Representation has important implications for democratic legitimacy: think of the phrase ‘nothing about us, without us’ used by patient advocacy groups. Representation is often contested in an engagement activity. Organizers and participants may have different ideas about which interests or communities should be represented, and who is qualified to act as a representative. There may be questions about whether representation is linked to a meaningful opportunity to contribute or influence the decision. There may also be concerns about representatives becoming ‘coopted’ through ongoing participation in an institutionalized engagement process.

“Including” some patients, caregivers, or members of the public does not necessarily guarantee a process that is representative of all affected interests or different identities and perspectives in a group. The relationship between representation and legitimacy depends on who is assessing that legitimacy. For our purposes, representation is a thin concept of how citizens and patients may show up in health policy advising and decision-making, while inclusion, equity and justice signals a thick concept that asks analysts to go beyond merely describing who is at the table.

Inclusion, equity and justice

Terms that refer to fairness, impartiality and the welcoming of people with a range of identities, social locations and ideas. Prioritizing inclusion, equity and justice goes beyond tolerating these differences. It means proactively creating the conditions that allow all people to thrive and contribute in positive and mutually beneficial ways. This includes acknowledging the historical and systemic forces that underpin various forms of social, political and economic exclusion. It also includes recognizing that some marginalized individuals and groups need focused attention and increased investment to achieve equitable outcomes. Justice in this context relates to the equitable distribution of rights, resources and opportunities for all groups in society.
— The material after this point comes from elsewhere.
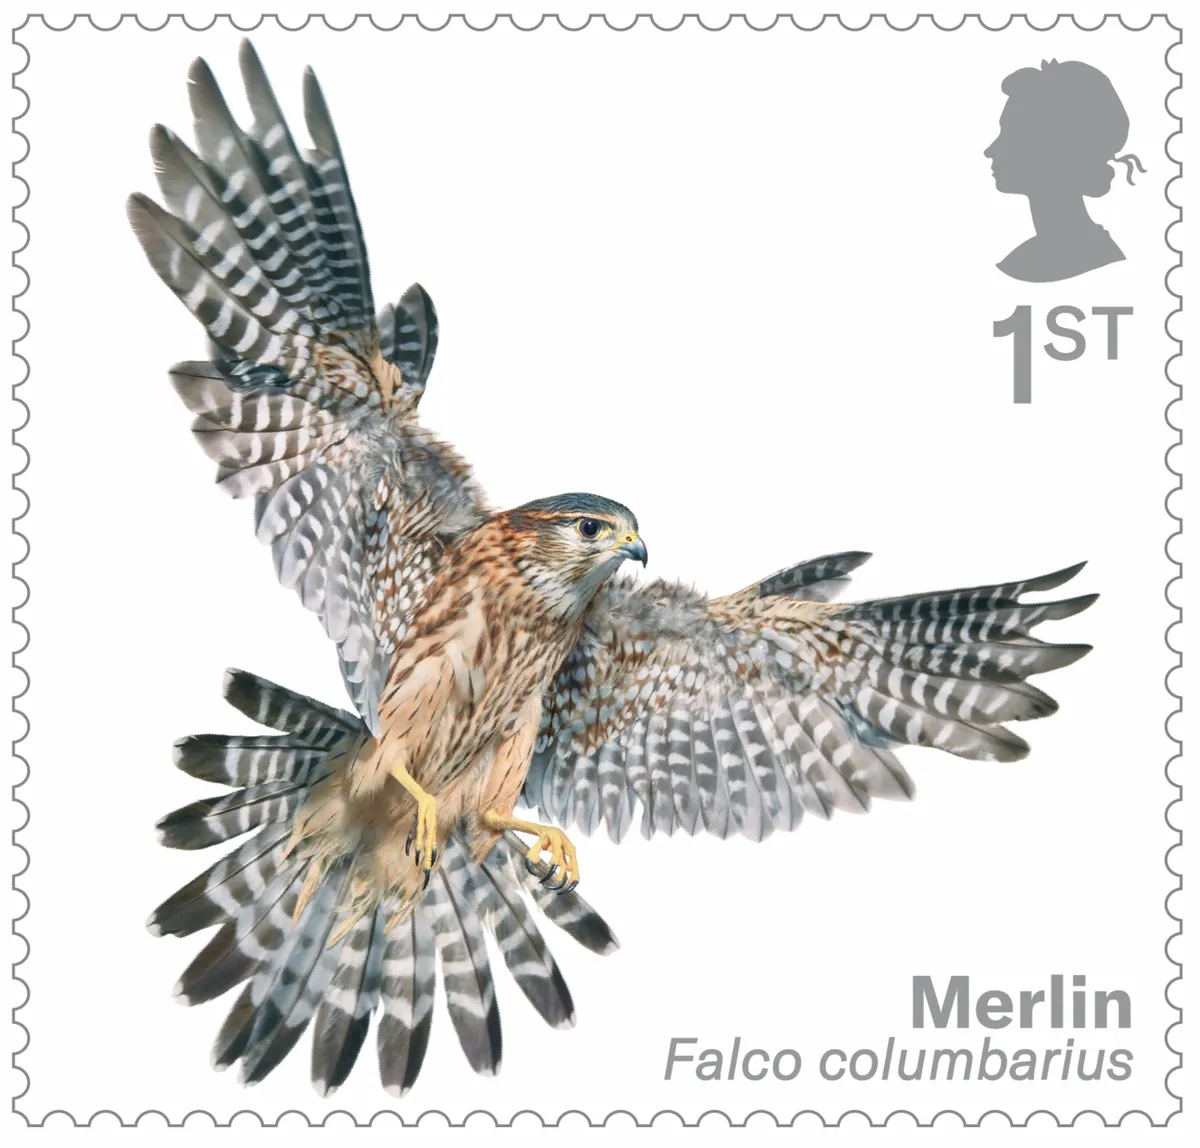 Bird of prey stamp collection - merlin. © Tim Flach/Royal Mail.

Given that power dynamics play a central role in public engagement efforts (e.g. who has power and who wants power), there are critical questions about how to design participatory structures and engagement activities to ensure that people affected by policy decisions have the opportunity to meaningfully engage and contribute. This is a particularly important and complex issue for people who have been systematically disadvantaged by the health system. They often have the most acute health-related needs, but also face the highest barriers to participation in health policy.

Policy Learning

The updating of beliefs based on experiences, analysis or interactions – when applied in policy making. This may be at the micro-level – learning between individuals, the meso-level – for example, at the organization – or at the macro-level, across different government units. Learning can be between individuals (such as individuals negotiating with key decision-makers), or between governments (such as policy transfer, or a jurisdiction applies lessons learned from policy decisions made in another jurisdiction). Co-creation processes – where citizens co-design public services, along with policymakers – is an example of policy learning.

Policy Responsiveness

How government action responds to the preferences of citizens, and to the processes of public engagement. This is connected to the concept of representative government – policy-making that is unresponsive to public preferences may indicate a weak representative government. Many factors affect policy responsiveness, including issue salience (whether the general public view the topic as important) and the involvement of interest groups in the policy process.